Старик умолк на время, по щеке непрошенная слеза скатилась:

— Видел я как вошли они в дом Алексея Фомича.? Настенька земли под ногами не видела, шатало ее со; стороны в сторону. С одного горя в другое, как в петлю головой сунулась. Ничего не соображала, шла что во сне. Ради семьи на все пошла. Все деревенские ее жалели, а где другой выход? Так-то и стала в одночасье женой председателя сельсовета, — усмехнулся горько.

— Ну, зря не брехну, не забижал он Настю. Записался с ней честь по чести, но свадьбу не делал. Видать, постыдился, в таком возрасте в женихах сидеть. Ну да не в том суть. Навроде дружно оне дышали, а через год разделилися. Дали семье новый дом, какой я с деревенскими мужуками поставил. И все окромя Насти ушли в ево. Даже родителя знахарки на ноги поставили. Вот только хромать остался и заикался. Ну, а Настя, когда увидеться доводилось, голову опускала. Ежли видел ее глаза, смотреть в их стало больно. Ушла с них жизнь, смеяться отвыкла, как льдинки в лице, все слезились. Сама душа в них рыдала. То не с добра, об чем сказать боялася. Узрел я вмиг, что живет она с нелюбимым без радостев. И так больно за бабу сделалось. Розой она была. А в единый год завяла. Время шло, я понемногу свыкся со своей неудачей, перестало скрести на душе. А тут вертался с тайги серед дня, глядь, Настя с луга идет с полным подойником молока, корову ходила доить в стаде. Взял я у ней подойник с рук, подмочь решился и спрашиваю, как ей нынче можется? Она белугой заревела и ответила:

— Краше было б мне вместе с домом в пожаре сгореть, чем так бедовать. Утопил меня мужик в попреках и унижениях. Корит, что голозадую взял. А разве я ему набивалась иль на шею висла? Ведь не любила, не хотела к нему, да лихо заставило. Сколько времени живем, а дите от него никак не понесу.

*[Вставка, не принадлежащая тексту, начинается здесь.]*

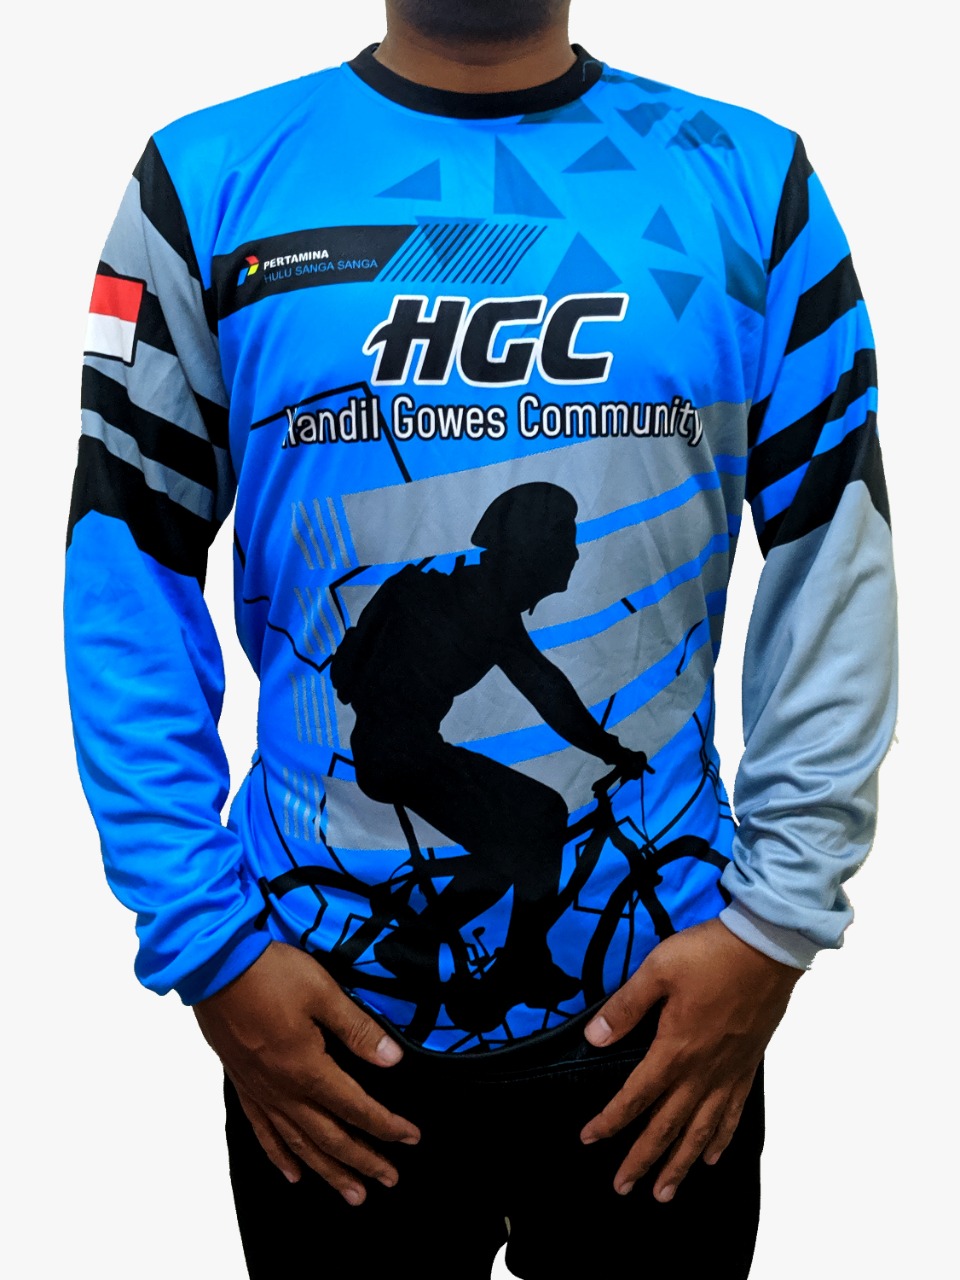 Bikin kaos baju seragam jersey printing sepeda futsal mancing bola custom bekasi jakarta tangerang depok bogor bandung (37)
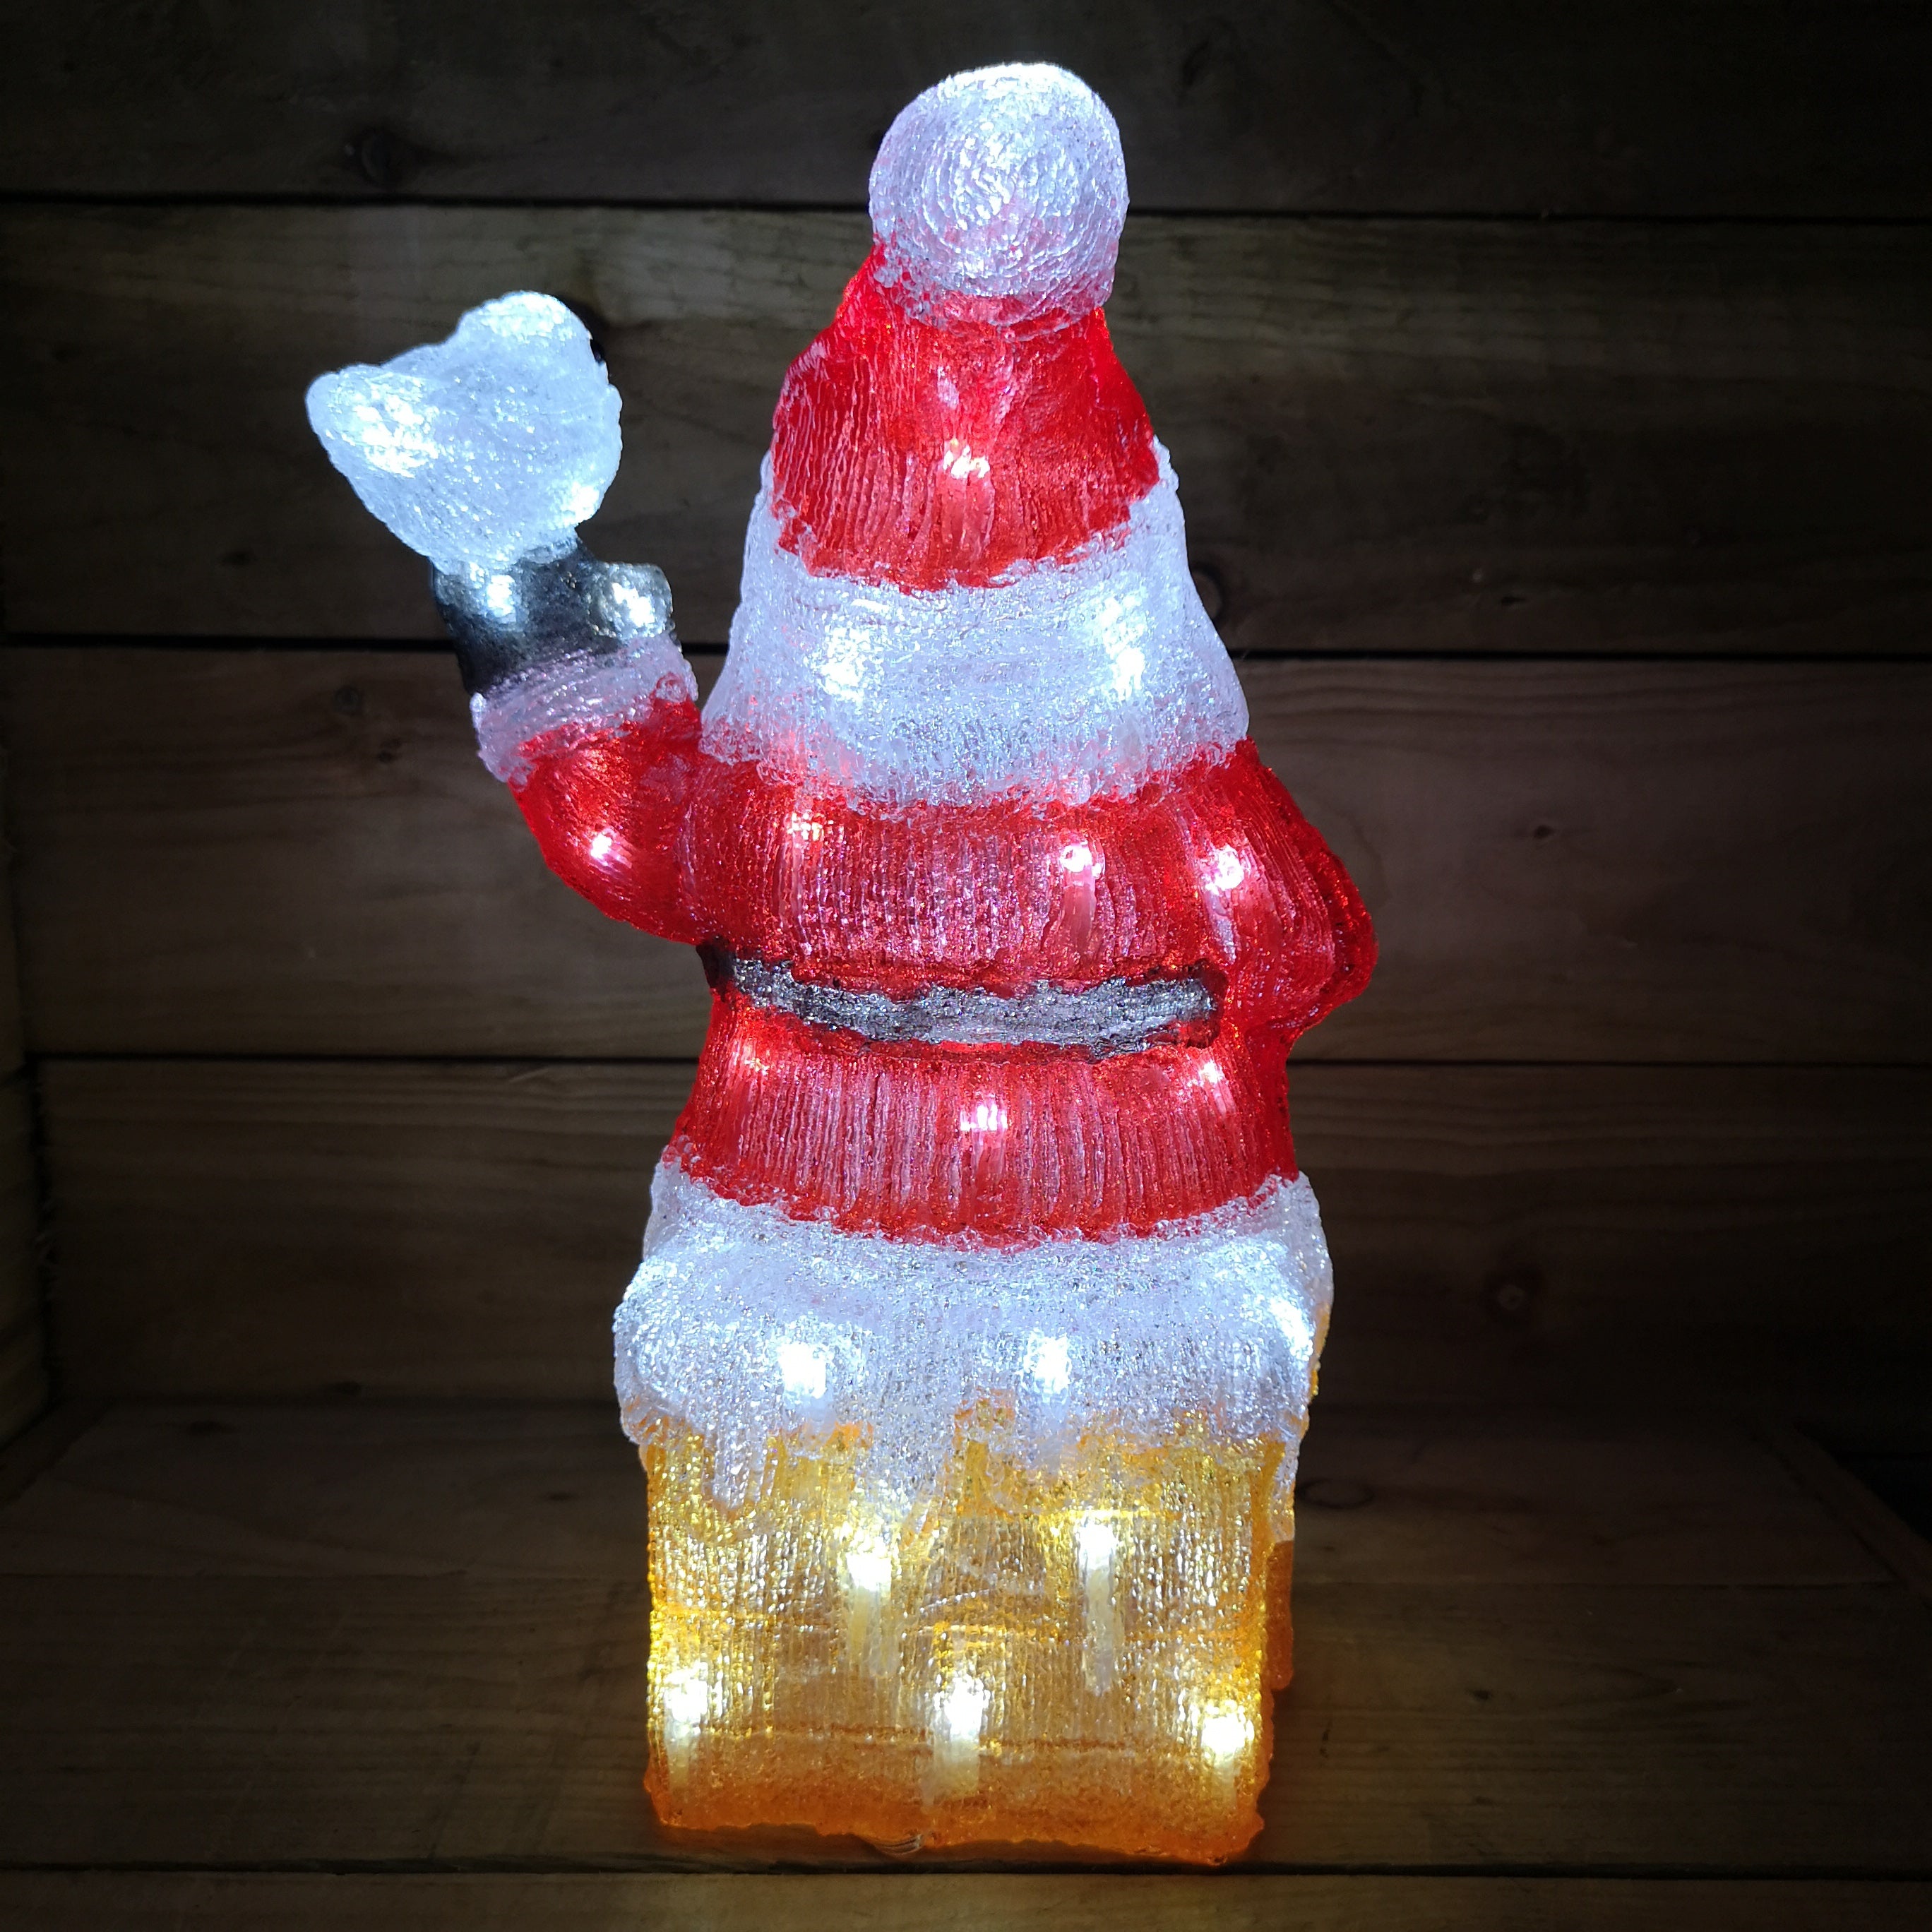 39cm Festive Acrylic Lit Sitting Santa Bird Outdoor Christmas Decoration 40 LED

— Ну, подмог бы! — нашлась Тонька мигом.

— Так оно и приключилось. Обнял я ее, прижал к себе, назвал голубкою своей белокрылой, ясным солнышком, счастьем единственным, судьбою и жизнью своей. Настя, услышав такое, к груди припала и созналася, что я ей пошти кажную ночь во сне вижусь и говорю как нынче слова ласковые. Стала прощенья у меня просить, и не заметили, как свернули с дороги и подошли к ракитнику. Там я Настеньку всю как есть обласкал. Она с радостью отдалась мне, ни на миг не раздумывала. А уж и я расстарался, всего себя в нее вложил. И понял я, что не сумел тот Фомич разбудить в ней женщину. Со мной она проснулась, кричала, стонала, смеялась от счастья бабьего. Так то вот и понесла она от меня в тот день. Нихто в деревне не ведал про то, что мы с Настей того мальчонку зачали. Настенька вскоре сказалась мне, что дите будет. Ну я уговорил ее свидеться в роще и закрепил свое семя. Алексей Фомич в ту ночь в районе, в отлучке был. Так мы до рассвета с Настей любились. Ночь минутой показалася. Мы и не думали, что напоследок расстаемся. Боле не довелось нам близко быть. Так уж приключилось, свез Фомич свою жену в район к родителям, чтоб там она жила под присмотром врачей. И всей деревне объявил, что ждет наследника. Я конешно молчал. Ждал, как дальше жизнь сложится. Оно недолго время протянулося и родила женщина сына. Уж как хотелось мне глянуть на свою кровинку, но никак не везло. Фомич не хотел привозить его в деревню. Решил, чтоб тот в культуре рос, при хороших условиях и воспитании. Даже Настиным родителям не решился показать. Только через год допустили бабку с дедом поглядеть внука. Они и навестили. А когда воротились, отец Насти враз ко мне в пристройку закатился и фотографии малыша на стол выложил. Я как глянул, ну, словно в зеркале себя увидел. А старик сдавил кулаки и вопрошает:

— Ты, вепрь облезлый, говно лягушачье, козий выкидыш, говори взаправду, как и где сумел нашу Настю приловить и заделать ей дитенка? И не бреши, не открещивайся от своего семени. У него и лицо и повадки твои. От того в деревне малыша показать не можно, враз блуд виден! Как посмел с дочки сучку сделать, бесстыдное рыло? Всю нашу семью вконец испозорил!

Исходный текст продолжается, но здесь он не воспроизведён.